Ce qui implique, par exemple, pour un commentateur du Tournoi des Six Nations de bannir tout pronom possessif lorsqu’il signale l’arrivée dans la tribune d’honneur du Stade de France d’un ministre de la République. “ Notre ministre de la Jeunesse et des Sports ” deviendra sur Euronews : “ Le ministre français de la Jeunesse et des Sports ”. Il est également recommandé de ne pas abuser des jeux de mots, de privilégier la clarté du style et de respecter scrupuleusement, lors de l’énonciation des noms propres, les règles de prononciation et d’accentuation inhérentes à chacune des langues. Un effort de diction perçu par la très grande majorité des journalistes d’Euronews comme une marque de respect de la diversité des cultures et des téléspectateurs de la chaîne européenne.
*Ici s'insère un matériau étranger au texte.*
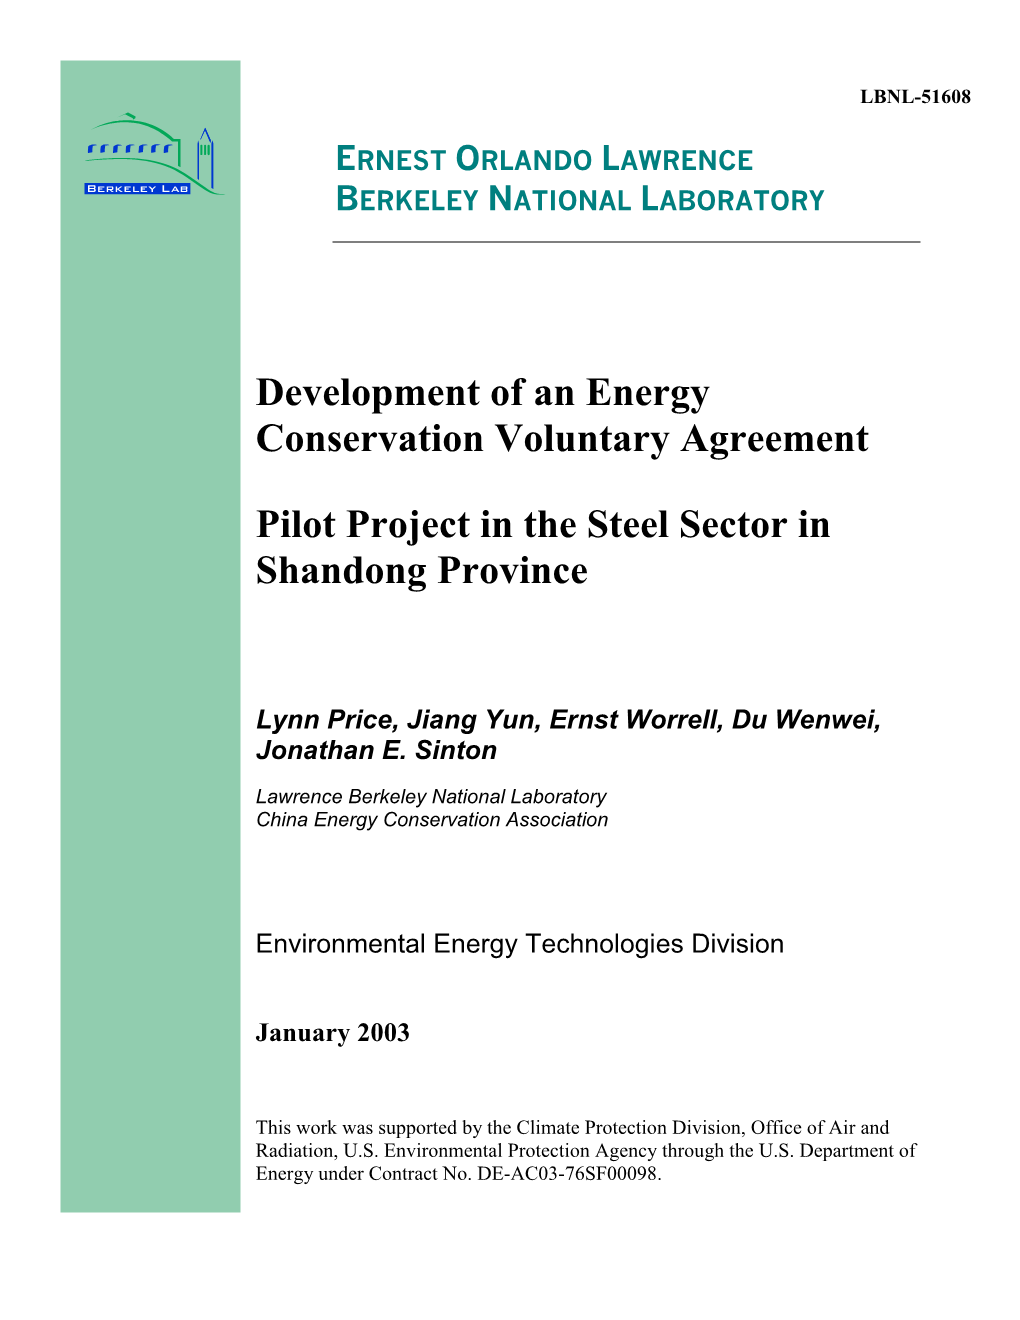 Development of an Energy Conservation Voluntary Agreement

Le rappel de ces règles se transmet de bouche à oreille à l’intérieur de la rédaction qui, d’une certaine façon, s’auto-contrôle. Lors d’une grande soirée de football, un journaliste de la rubrique “ sport ” peut être ainsi amené à prononcer dans des langues différentes de sa langue maternelle plus d’une centaine de noms de sportifs. Avant que ses confrères ne mixent dans leurs langues respectives leurs comptes rendus des matchs de la Bundesliga, le journaliste allemand prononce à haute voix à la demande générale les noms mentionnés dans les commentaires, susceptibles d’induire leurs auteurs en erreur. Cette “ criée ” des noms s’effectue sans problème dans toutes les langues diffusées sur Euronews. La difficulté surgit, en fait, lorsque le journaliste se trouve confronté à une langue que ne maîtrise aucun membre de la rédaction : linguistiquement parlant, une rencontre de Coupe du monde de football entre l’Arabie Saoudite et la Corée du Sud est un match à hauts risques pour les commentateurs d’Euronews.
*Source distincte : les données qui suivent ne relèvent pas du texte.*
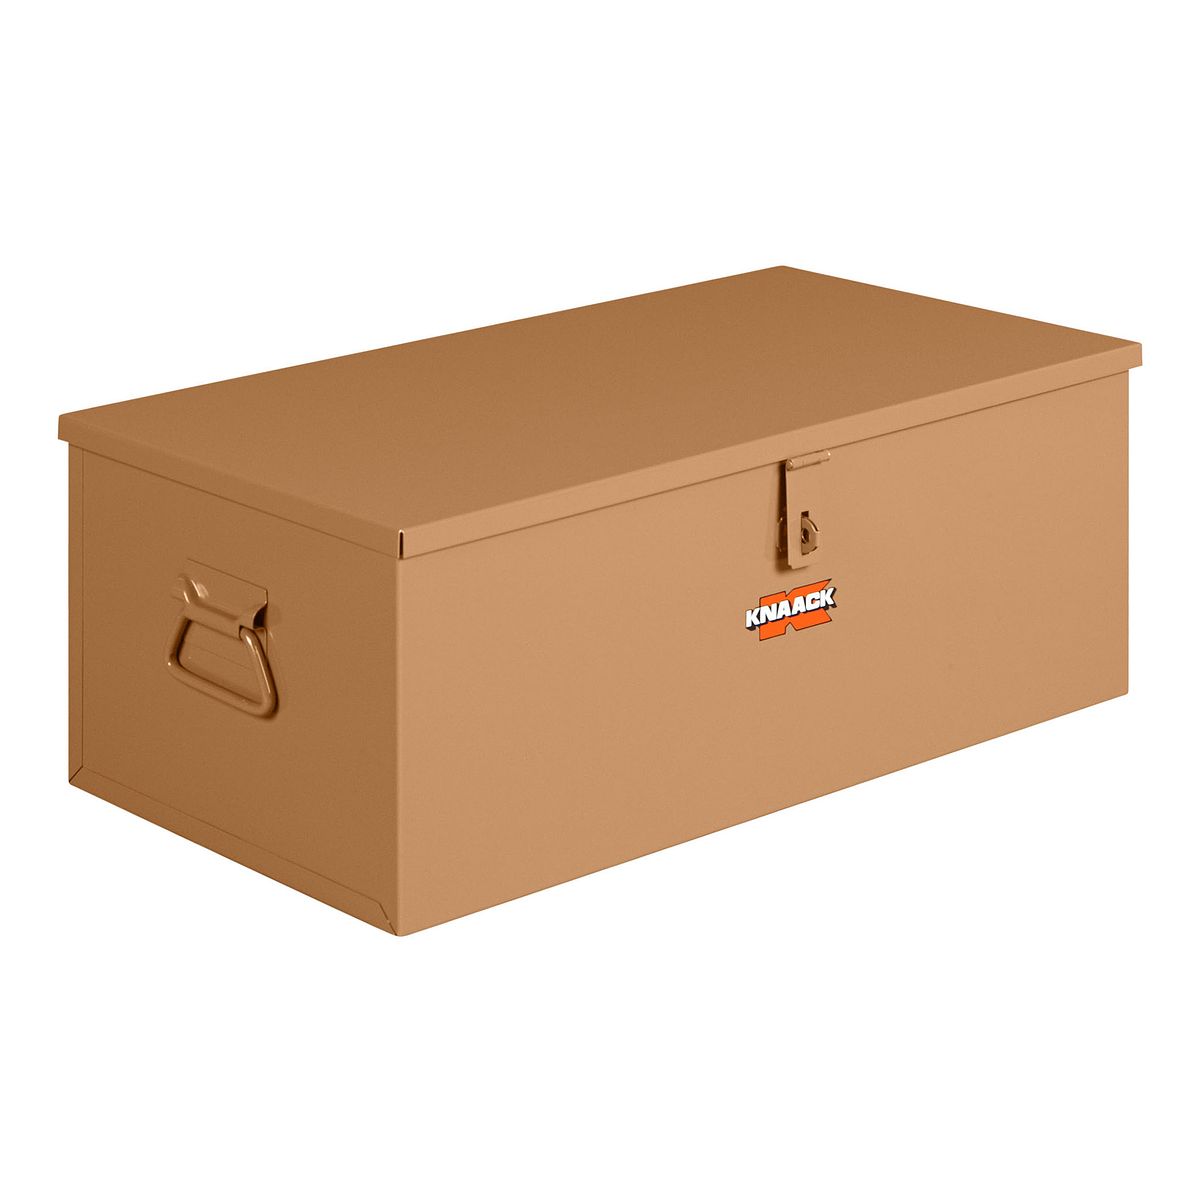 JobSite Toolbox, Equipment Storage Chest Box

Ce respect scrupuleux de la diction correcte des noms propres et l’attention égale portée dans ce domaine à toutes les langues d’Euronews sans distinction, constituent l’une des “ marques de fabrique ” de l’information sur la chaîne européenne et nous semblent renvoyer à un constat plus fondamental : au-delà des tâtonnements inévitables qu’implique toute recherche d’une information “ différente ”, c’est peut-être dans cet ensemble disparate d’usages, de dispositions inégalement acquises au cours d’une pratique professionnelle, elle-même traversée de contradictions entre des intérêts divergents et soumise à de très fortes contraintes économiques et politiques, que réside la singularité du travail journalistique à Euronews : dans cette aptitude individuelle et collective, non seulement à s’ouvrir au monde, mais, très concrètement, à se penser autre. Et à reconsidérer entièrement sa relation au téléspectateur.
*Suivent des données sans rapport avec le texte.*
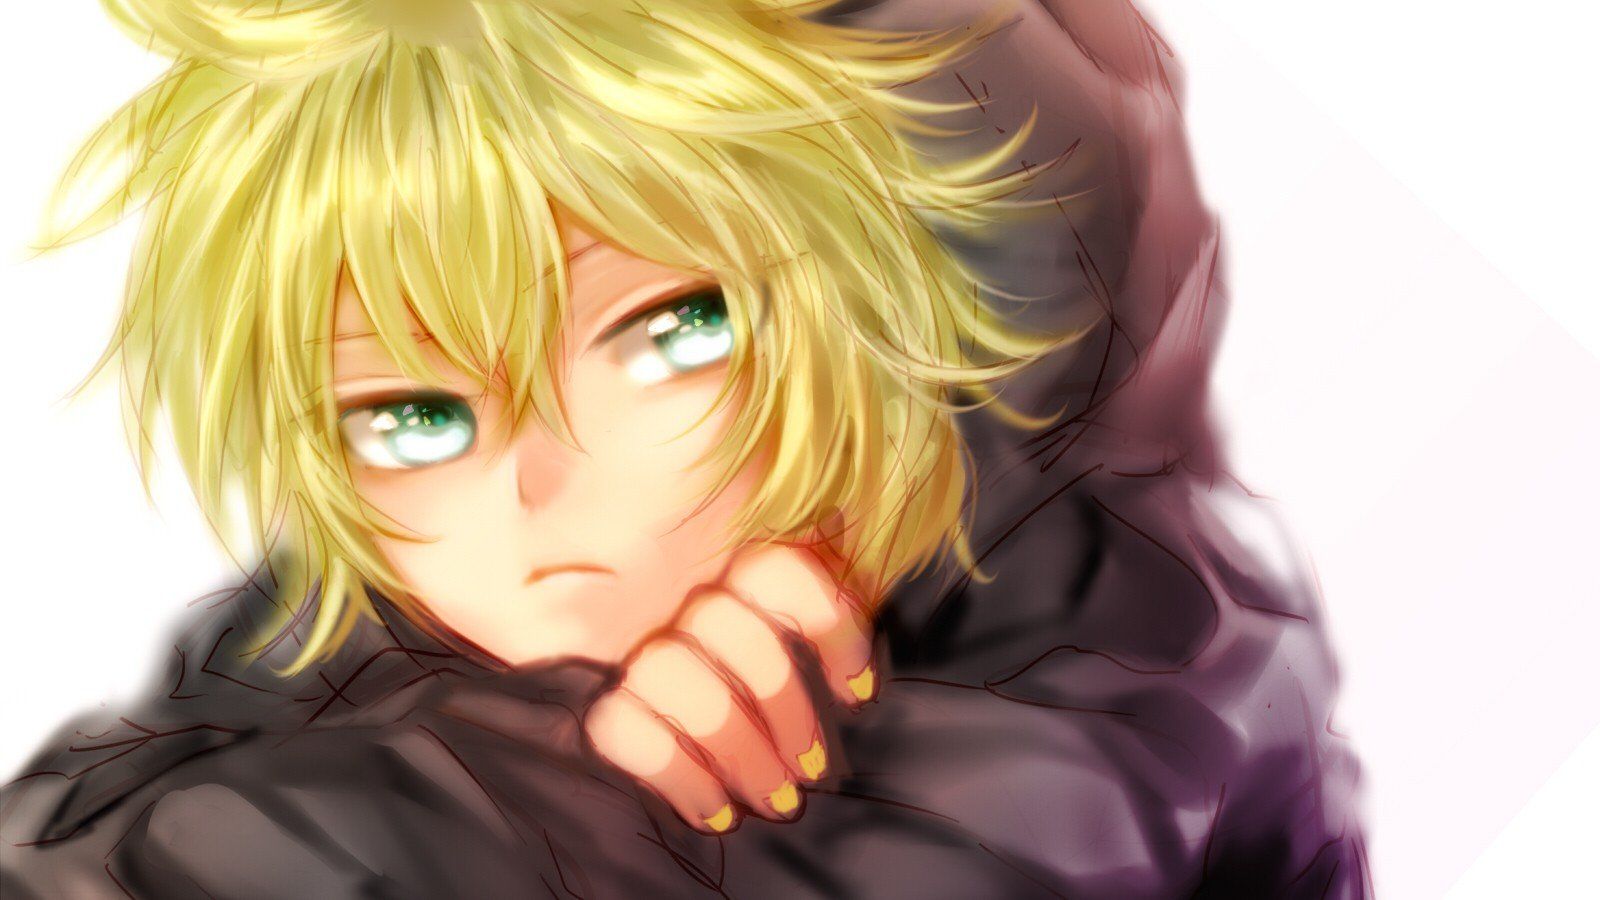 9. "Dull Blonde Hair Anime Boy" - wide 2

“ Le fait de travailler ensemble, c’est extraordinaire ”, raconte une journaliste française de la chaîne 239 . “ Chaque jour, ta vision du monde s’élargit, tu relativises tout ce que tu as appris, tous tes préjugés, toutes tes idées préconçues. Pas seulement sur les autres, mais aussi sur toi dans ta vie quotidienne. Et je pense que les news, on les voit aussi comme cela (…) Au bout d’un moment, tu es un peu dans un monde à part. Moi, tu vois, je n’ai jamais été aussi peu au courant de l’actualité française que depuis que je travaille ici. Parce que souvent elle ne me paraît pas intéressante, elle me paraît petite, triviale. Ici, tu t’habitues tellement à avoir une autre perspective que, finalement, tu oublies un peu de quel pays tu viens (…) Mais cela t’apporte d’autres idées. C’est surtout un moyen de rapprocher les gens. A Euronews, du moins, c’est ce que l’on essaie de faire.”

Une intention appréciée à l’Institut cubain de la radio et de la télévision.

Notes
239.

Sonja Fuhrmann, Entretien avec Isabelle Ory, journaliste à Euronews, op.cit.